= Ammons Quick Test =

Intelligence test

Ammons Quick Test (QT) is an intelligence test that was designed in 1962 by Robert B. Ammons and his wife Carol H. Ammons. This test has been used for many years to help assess premorbid intelligence. It is a passive response picture-vocabulary test.

== History ==
The QT is partly derived from a previous psychological measurement, the Full-Range Picture Vocabulary Test (FRPV), primarily developed by Richard B. Ammons with the contributions of several other psychologists in his clinic. At the time, the QT, just like the FRVP, was envisioned as a brief verbal-perceptual test that could measure both children and adults with intellectual or physical disabilities. The QT was also meant to be an improvement of the FRPV, which had issues with measuring extreme responses due to the lack of limited variation in item difficulty. It also meant to serve as a shorter version of the FRPV, albeit with different items.

== Development ==
During its initial testing phase, Ammons checked the QT's validity by measuring its concurrent validity, which was done by correlating the items with existing psychological tests that also measured verbal-perceptual skills, such as the Ohio State Psychological Examination and the Iowa Test of Basic Skills. The QT's items yielded item validity coefficients in a range from r = .13 to r = .96. The QT also had sufficient reliability coefficients, with a range of r = 0.60 to r = 0.96. The QT was tested across various genders and ethnicities and included individuals who are not part of the target population.

Other researchers, such as Martha T. Mednick, also conducted several studies to test the QT's robustness. Her study in 1969 which tested the QT on 2,213 male students found that the QT had a validity coefficient range of r = 0.37 to r = 0.68 when the QT scores are correlated with several short-form intelligence measures, which included an anagram task and a numerical reasoning test battery.

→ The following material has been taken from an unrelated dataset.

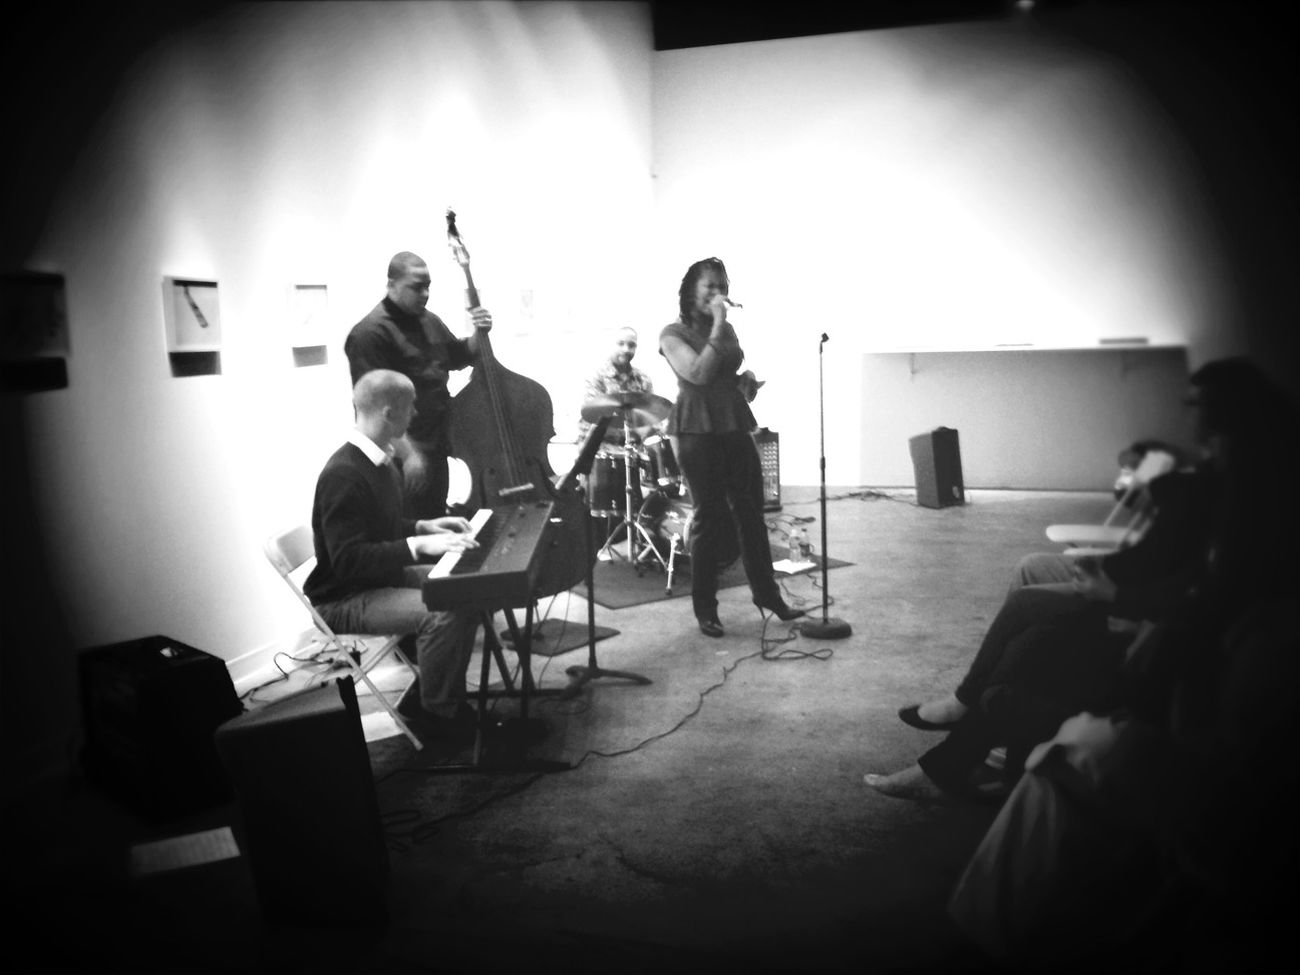 Blackandwhite Awesome Performance

The QT results also correlate well with the Wechsler Adult Intelligence Scale (WAIS) Full Scale IQ. The Quick Test raw score of 46 translates to a WAIS IQ score of 110, which is in the high average range of intellectual functioning for an adult.

== Recent validation ==
There have been several attempts to re-validate the QT in different populations and cultures. One of these was done in 2013 on a sample of 236 people, across several age ranges, ethnicity, and gender. The study found that the QT's original items had a validity coefficient range of r = .61 to r = .91 when the scores are correlated with a number of other intelligence tests, including the Weschler tests.